Number 11 managed to provide an exotic tour car for enthusiasts before leaving Blackpool with all of its sisters having been rudely scrapped immediately following the closure of the Marton tram service in October 1962. Some images from one of its final tours taken by Colin MacLeod who had the rare benefit of living in immediate proxmity of Whitegate Drive and thus gained marvellous insight into the working of the Marton tram service in the 1950s and until closure.

The rear facing shop fronts of the Metropole building were once smartly maintained, Here a Marton Vambac passes by followed by a white fronted English Electric rail coach.

Truncated track on Lytham Road signalled the end of the Squires Gate service as Vambac 11 heads for Hopton Road followed by a white front rail coach heading for the depot.

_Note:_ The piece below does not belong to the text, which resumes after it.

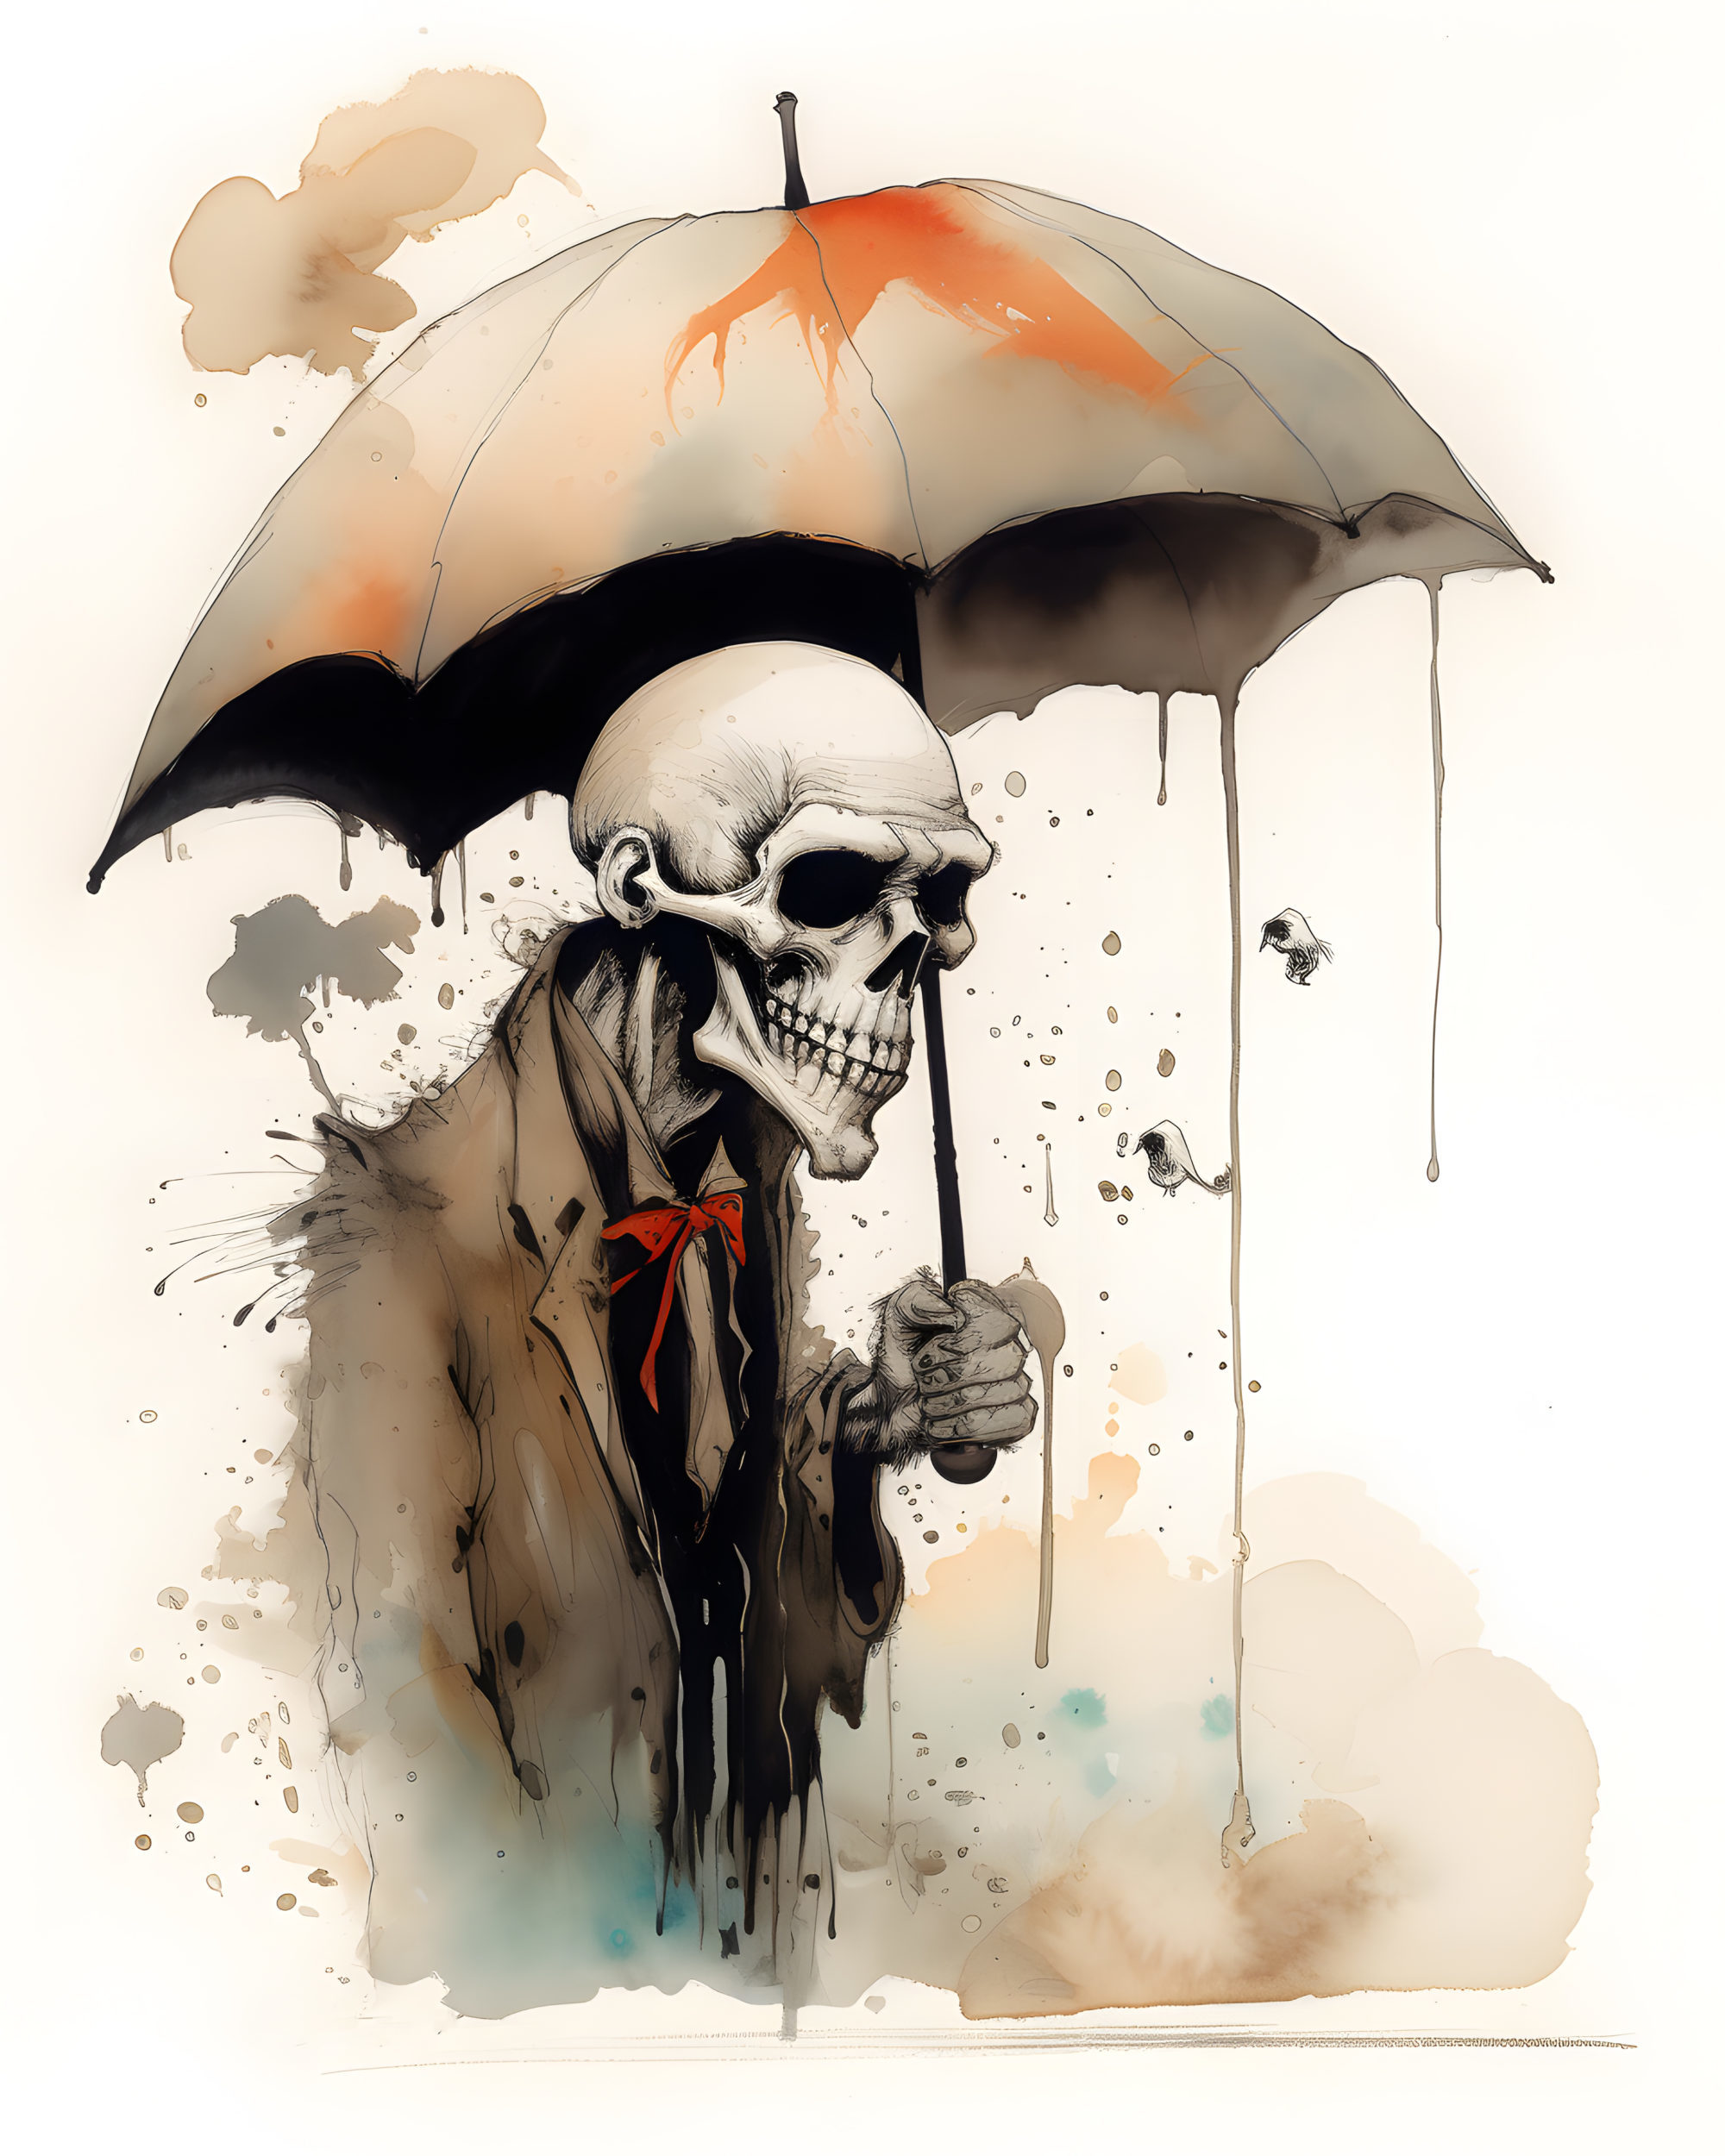 'Ink the Reaper' - Captivating Grim Reaper illustrations with black ink and watercolor splotches, exploring mortality and eternity.

Apologies for blemishes on the negative above. The final stub track terminus for North Station complete with automatic trolley reverser installed a couple of years before closure of this service.

The Gynn before a roundabout was installed and trams trundled across the junction heading for Dickson Road and North Station. Number 11 looks at home as it smoothly accelerates up the slight incline on the promenade. All Photos Colin MacLeod.